Большинству пассажиров придется время от времени терпеть снижение гравитации, когда я буду совершать обход судна. А те, кто предпочитает земное тяготение, могут обедать на пятом уровне. Носовые гравитроны настроены на одну треть земной силы тяжести. По моему приказу начальник двигательного отсека Макэндрюс будет каждый день немного ее увеличивать. Девятнадцать месяцев до Константинии и девятнадцать обратно. Одиннадцать тысяч пятьдесят дней – у меня будет время потерпеть и попривыкать. Может статься, прогноз доктора Дженили и не сбудется.
Итак… Я поежился в своем шикарном кожаном кресле.
Прошла ли жизнь полный цикл? Нет, на самом деле нет. Но в кои-то веки, если человек получил благословение…
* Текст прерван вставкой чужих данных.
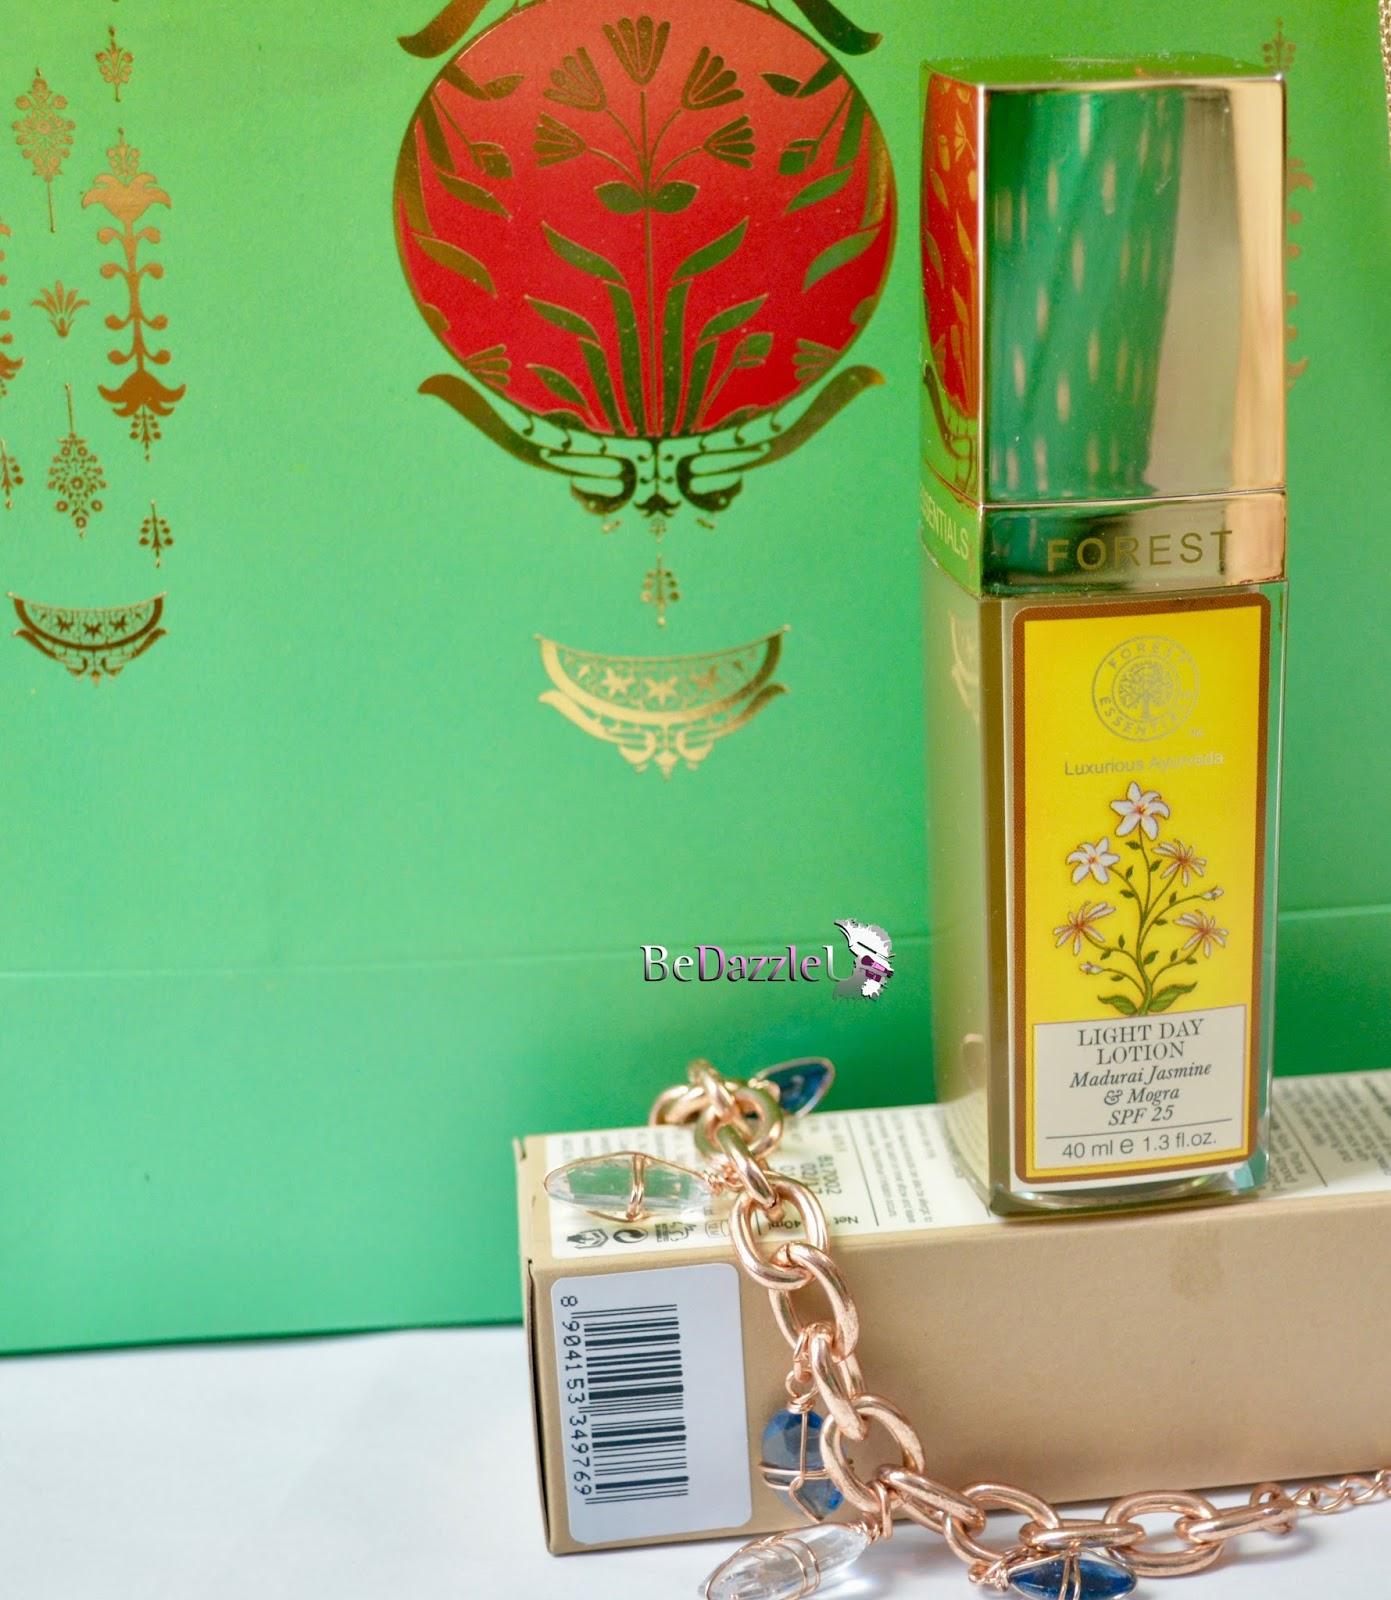 Forest essentials light day lotion madurai jasmine and mogra spf 25 for combination skin solutioingenieria Images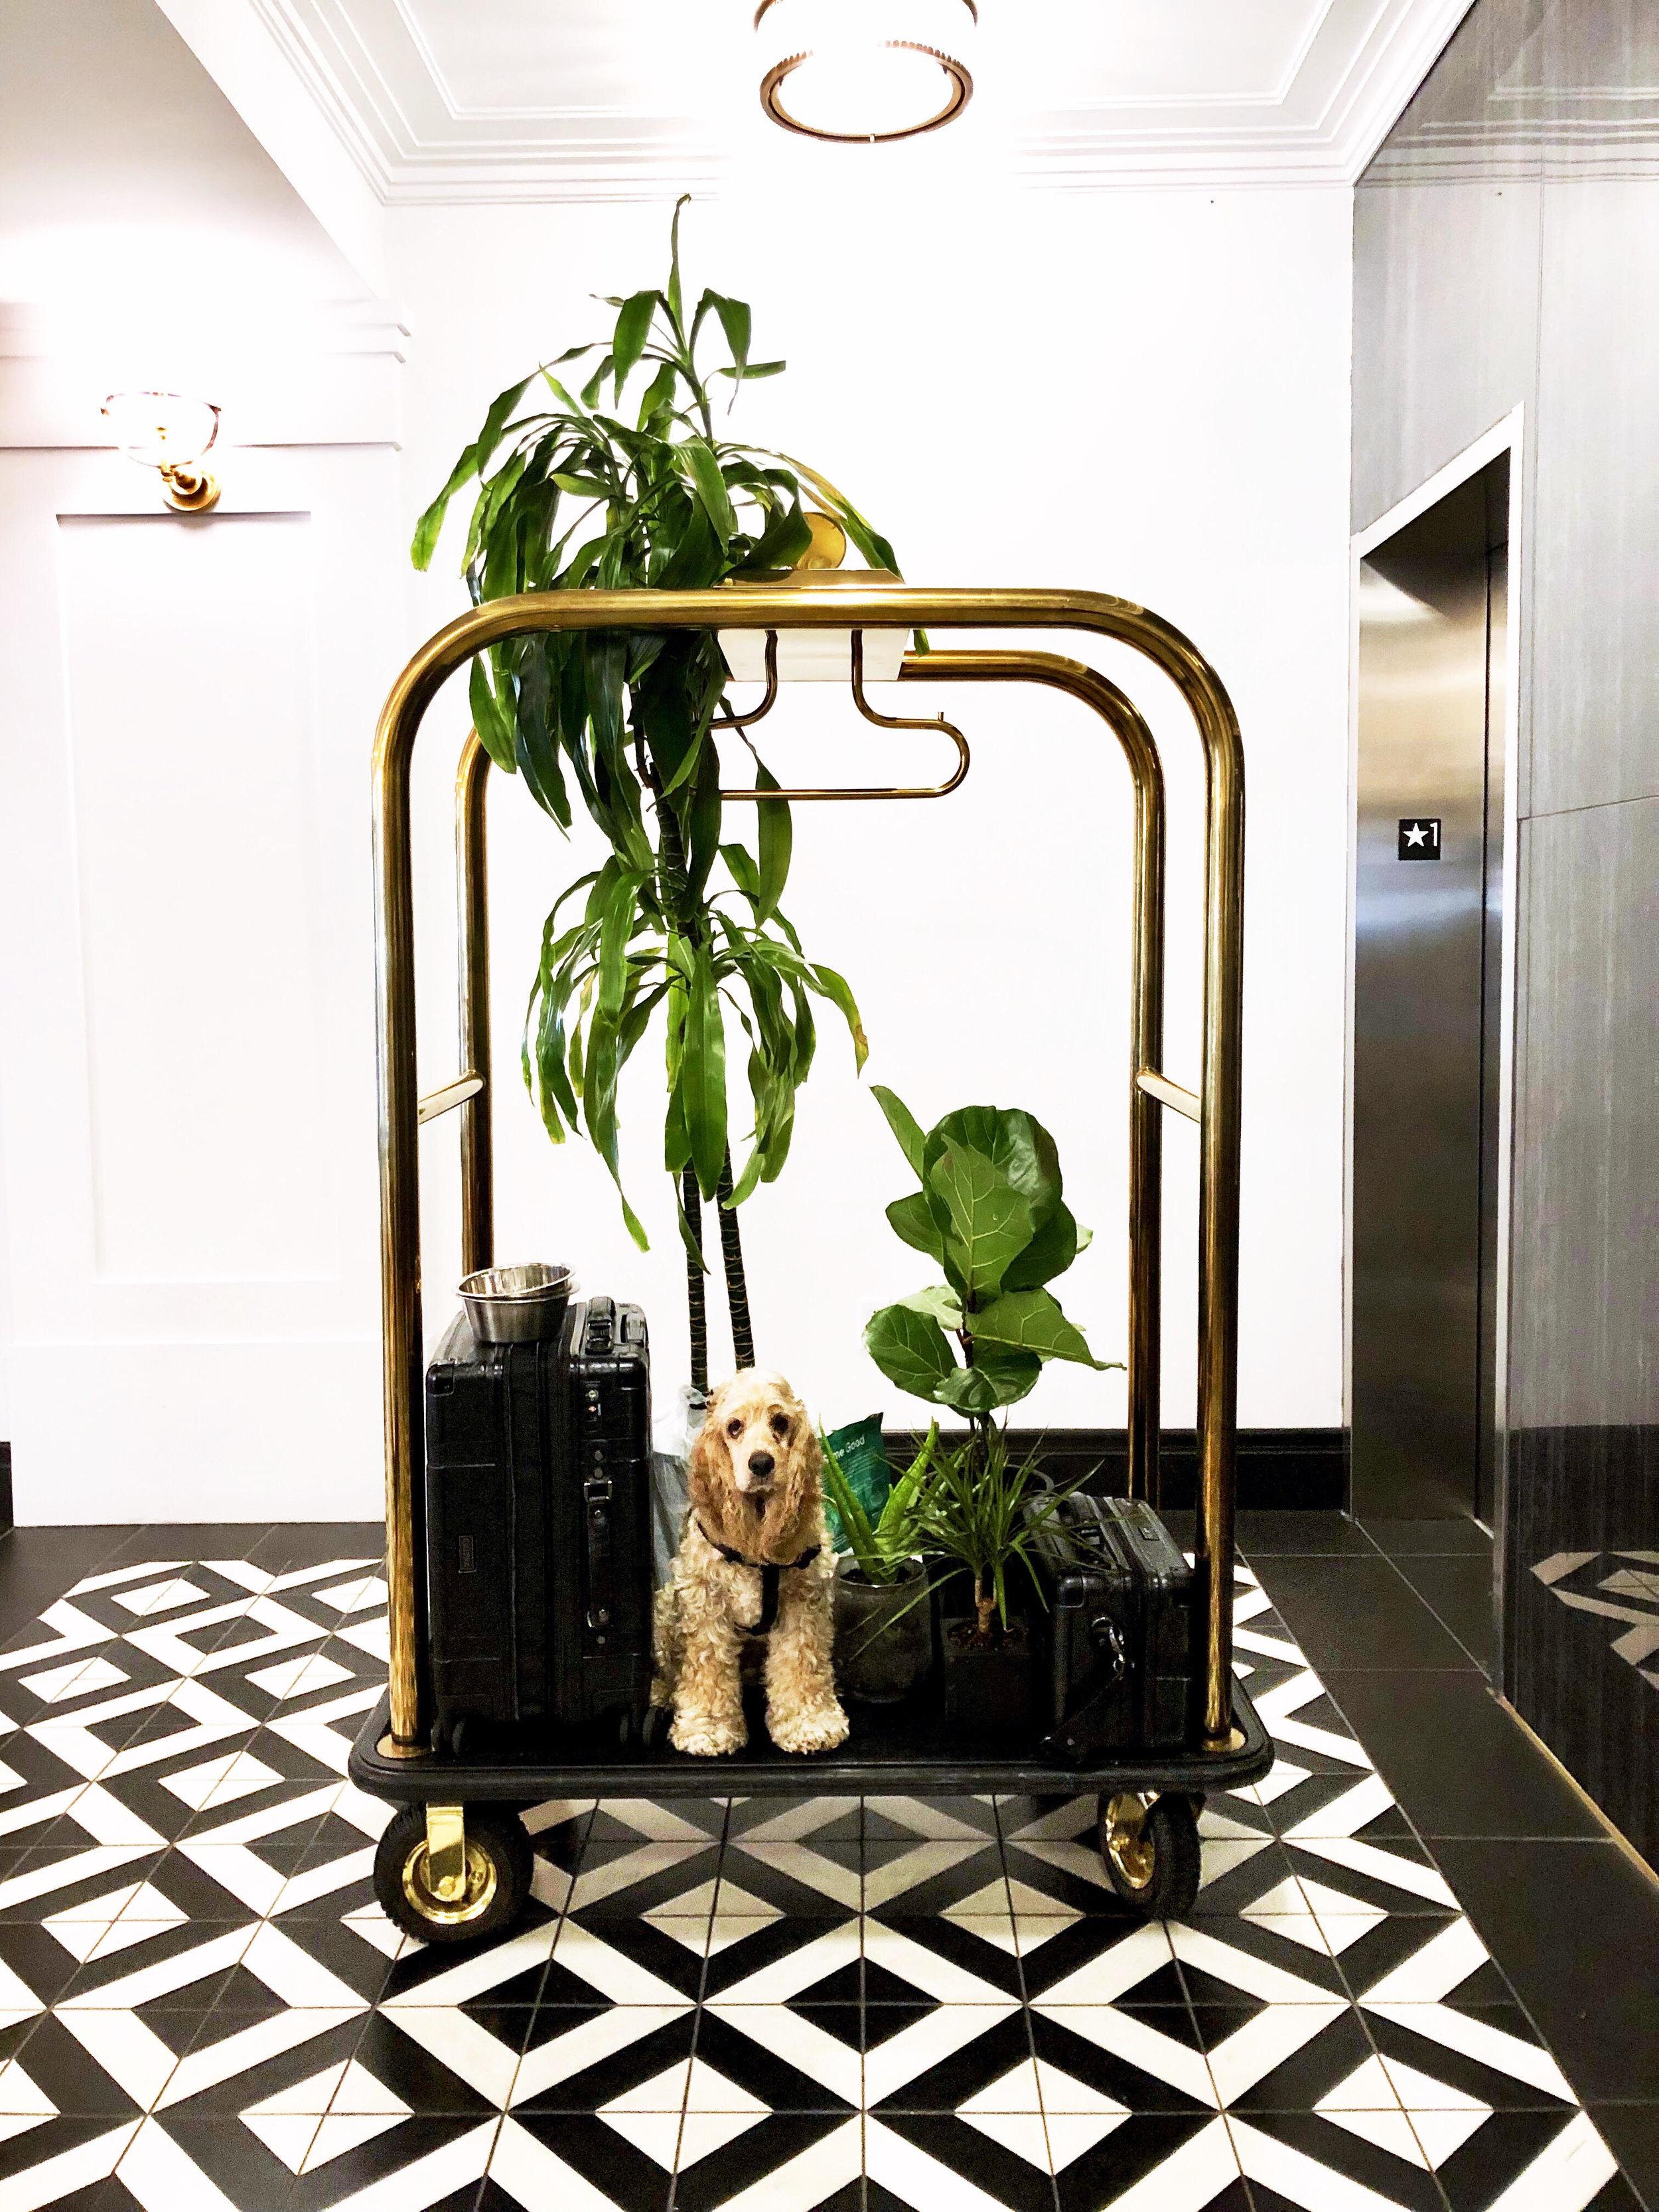 Trnk Luggage + Vanity Case w/ @hachu_thedog -

Моя улыбка погасла. Вряд ли я был таким человеком. «Господи, я сознательно произносил каждое слово ненависти в твой адрес. И по-прежнему так думаю. Ты снизошел до того, чтобы забрать Арлину и Дерека. Не говори мне, что Ты не мог этому воспрепятствовать, я лучше знаю. Я не могу этого простить, и никогда не смогу.
Я знаю, что, отрекшись от Тебя, не могу рассчитывать на мольбы к Тебе. Да и верю ли я в Тебя? Возможно, нет. Я обещал, что никогда больше не буду говорить с Тобой. И, конечно, не жду ответа. Я даже не надеюсь, что Ты слышишь меня, и знаю, что проклят. Но, как ты, несомненно, знаешь, я уже слишком стар, чтобы измениться. Поэтому я постоянно ловлю себя на том, что обращаюсь к Тебе – недоверчиво, неохотно, но с уважением. И все в порядке. Ты не должен меня слушать. Только я должен говорить…»
– Приближаемся к безопасной для сверхсветового режима зоне, сэр, – сказал пилот.